Concerning this data, the
author comments,

* "Respondents who knew someone on social assistance, were more likely to feel that welfare rates were too low, ... "

##### 1. Can we conduct a test of independence here, or is it that we can only carry out a test of homogeneity?

we conduct a test of independence here.

##### 2. Depending on your answer for 1., what are the null and alternative hypotheses?

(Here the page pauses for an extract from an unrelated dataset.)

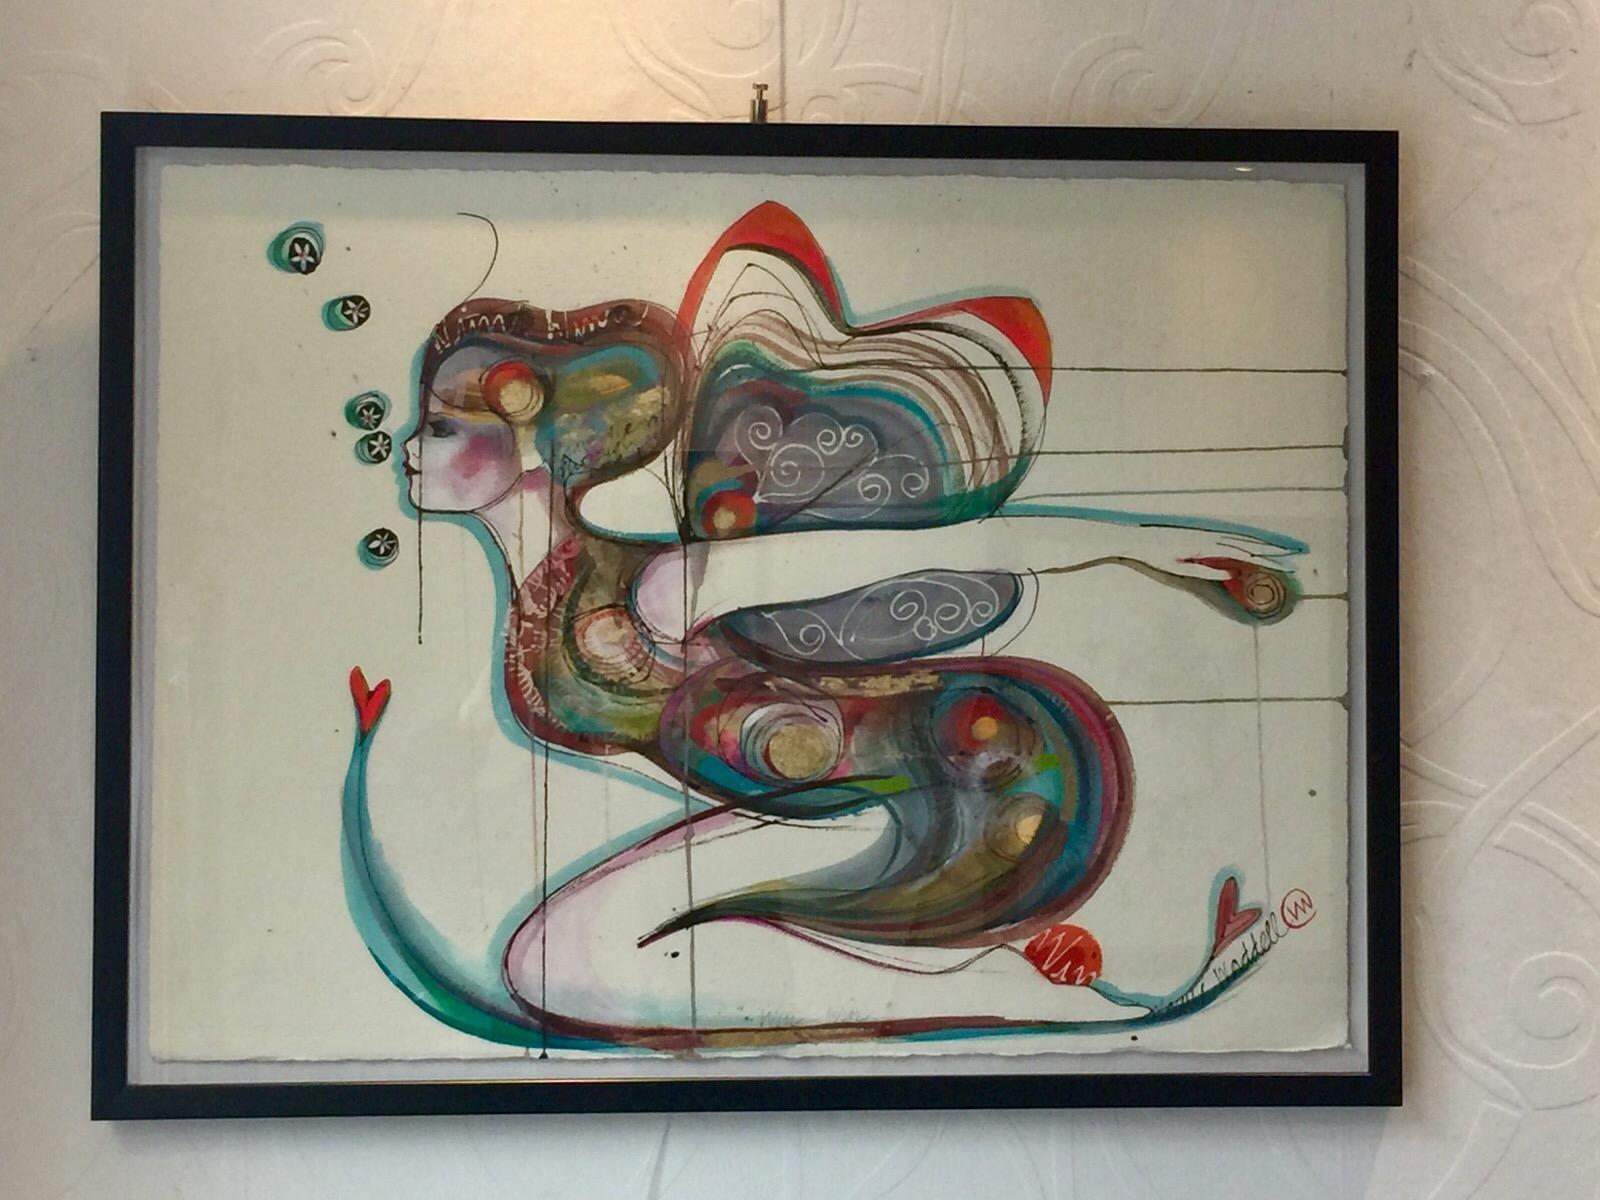 Verena Waddell visual artist INK Win WinVerena Waddell visual artist INK Win Win

The null hypothesis and alternative hypothesis are:
* $H_0$: respondents who knew someone on social assistance and not are equally likely to feel that welfare rates were too low
* $H_1$: respomdents who knew someone on social assistance are more likely to feel that welfare rates were too low


##### 3. Compute the test statistic.

In [19]:
observed = np.array([[40, 6], [16, 13], [9,7]])
observed


array([[40,  6],
       [16, 13],
       [ 9,  7]])

In [20]:
observed_margin = np.array([[40,6,46],[16,13,29],[9,7,16],[65,26,91]])
observed_margin

array([[40,  6, 46],
       [16, 13, 29],
       [ 9,  7, 16],
       [65, 26, 91]])

In [21]:
nrows = 3
ncols = 2
expected = np.zeros((nrows,ncols))   #initialization
for i in np.arange(nrows):
    for j in np.arange(ncols):
        expected[i,j] = observed_margin[i,ncols]*observed_margin[nrows,j]/observed_margin[nrows,ncols]
expected

array([[32.85714286, 13.14285714],
       [20.71428571,  8.28571429],
       [11.42857143,  4.57142857]])

In [22]:
Q = ((expected-observed)**2/expected).sum()
Q

10.996205022488756

##### 4. What is the degree of freedom?

In [23]:
df = (nrows-1)*(ncols-1)
df

2

##### 5. What is the p-value and what is your conclusion?

In [24]:
pval = stats.chi2.sf(Q,df)

In [25]:
pval

0.004094533403106778

Since p-vale < 0.05, we reject the null hypothesis. Respomdents who knew someone on social assistance are more likely to feel that welfare rates were too low.